Hyun Ae and I had fallen out of touch by the time I saw the video for Girls' Generation's (SNSD) Gee (2009) on MTV probably in 2010. That was when it took off. Initially, part of me was practically offended by what was on my TV screen, likening it to awful, superficial, garish, candy J-pop. What the hell is this crap? the snob in me sneered, reaching for the remote to change the channel, and I pointed the remote at the TV and . . . didn't. Not only did I stand there with the remote pointing at the TV for the rest of the song, afterwards I immediately went online to look them up.

So much of that video and song should have had me cringing. Even now I don't know what attracted me more to the video against what should have repulsed me. I should've considered it god awful and I wouldn't blame anyone clicking that link thinking it is god awful. But it's going to be a classic K-pop song if it isn't already and I agree with that. It wasn't pivotal only to me. SNSD had debuted in 2007 to much acclaim domestically in South Korea, but it was "Gee" that made them famous throughout Asia and led to a string of hits that made them the reigning queens of K-pop all through Asia.

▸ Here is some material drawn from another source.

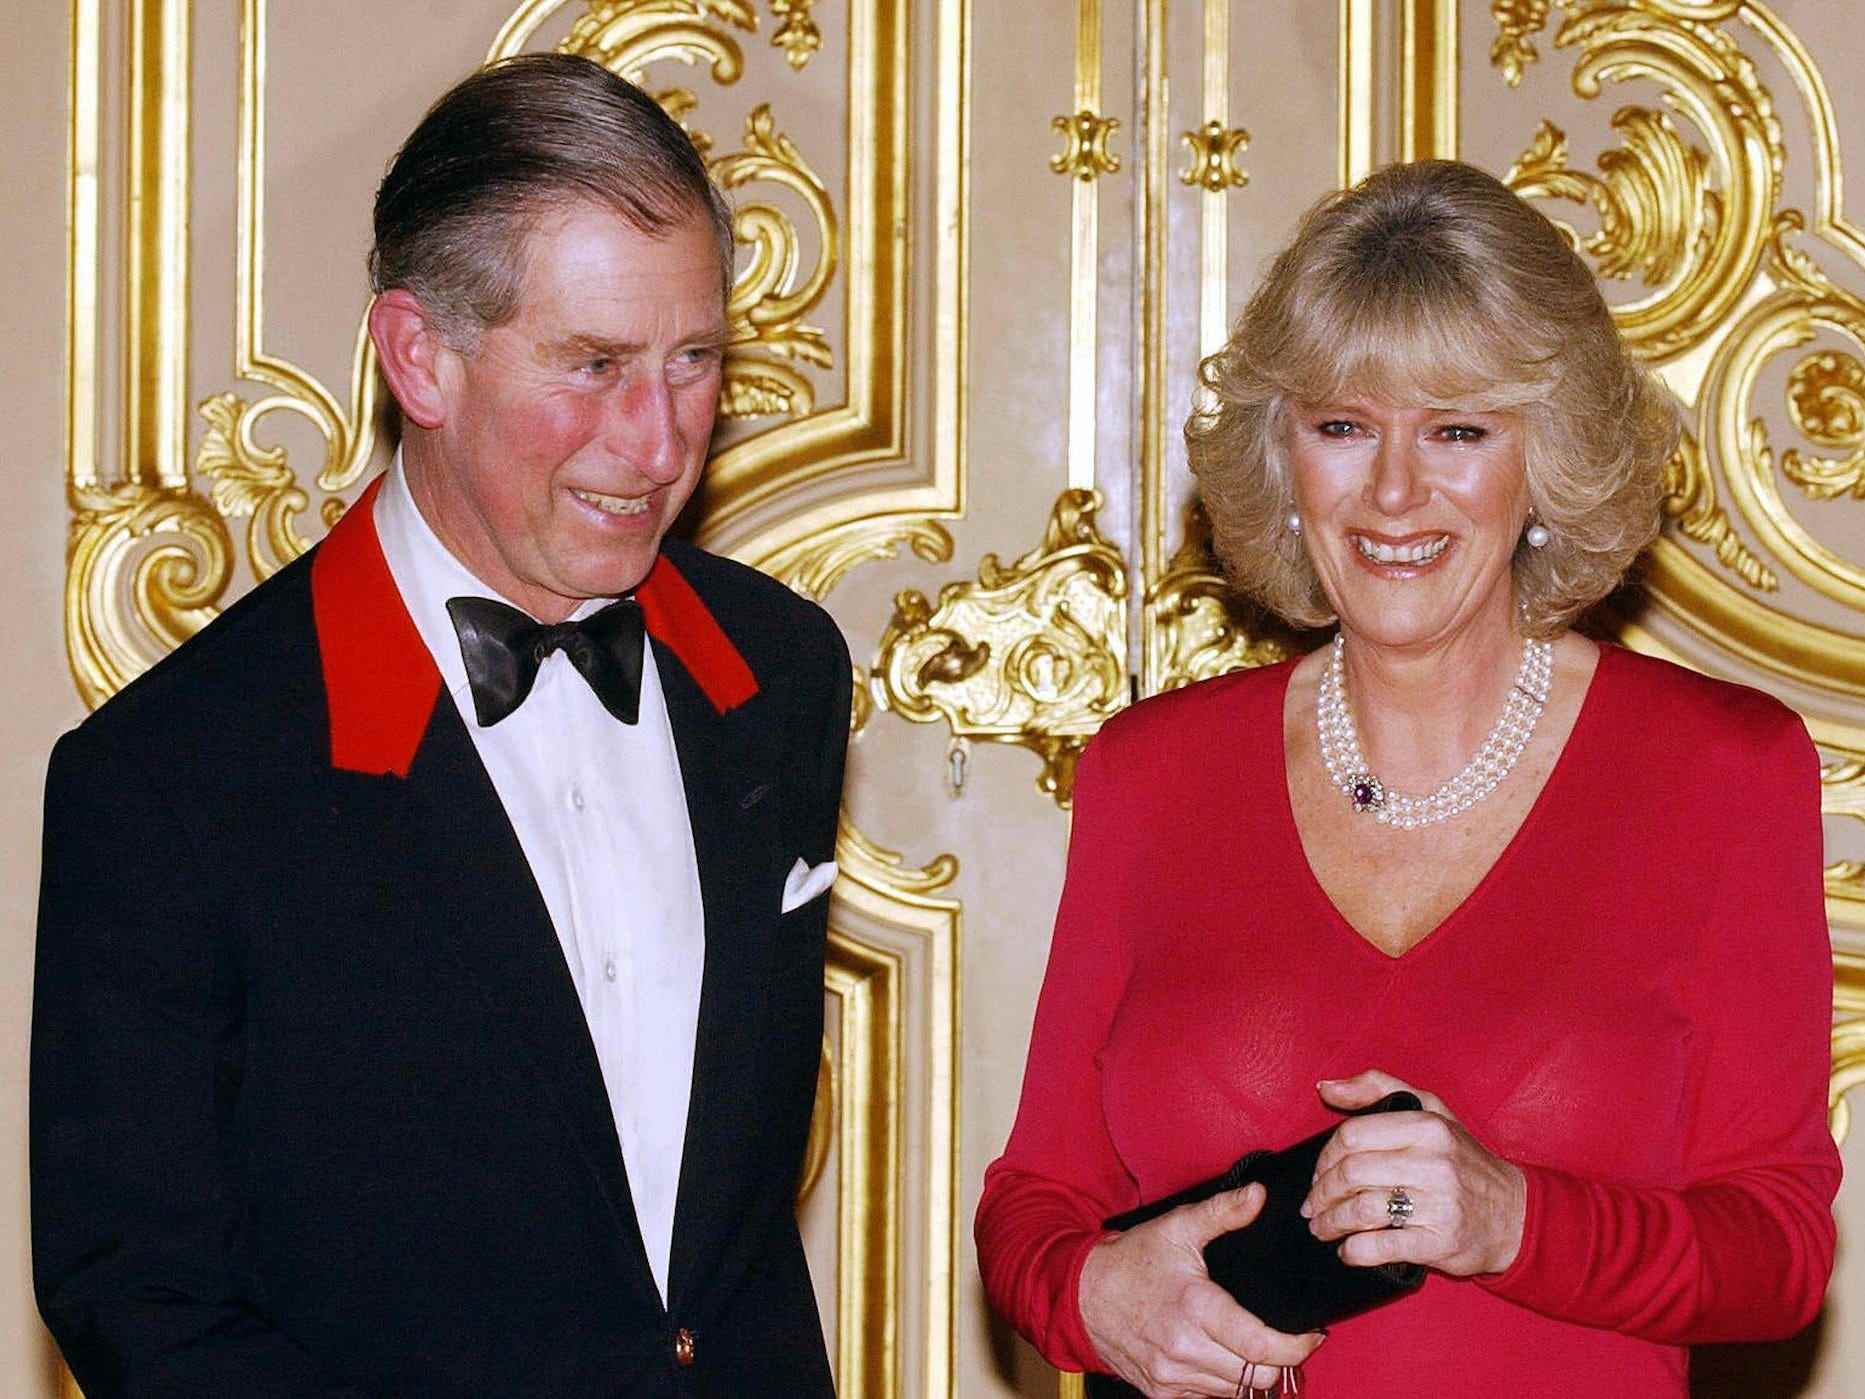 König Charles III und Camilla Parker Bowles auf Schloss Windsor im Jahr 2005.

Very soon after that, Invincible Youth started airing in Taiwan with two members of Girls' Generation (Sunny and Yuri) cast and I watched religiously even though it only had Chinese subtitles. The other cast members introduced me to other girl groups leading the second Hallyu wave (T-ara, 4minute, Brown Eyed Girls, Secret and Kara). K-pop became an obsession since 2010. No explanation except that it's a future life resonance. It seems I've determined that my next locale of rebirth will be South Korea and all this is an indication of it.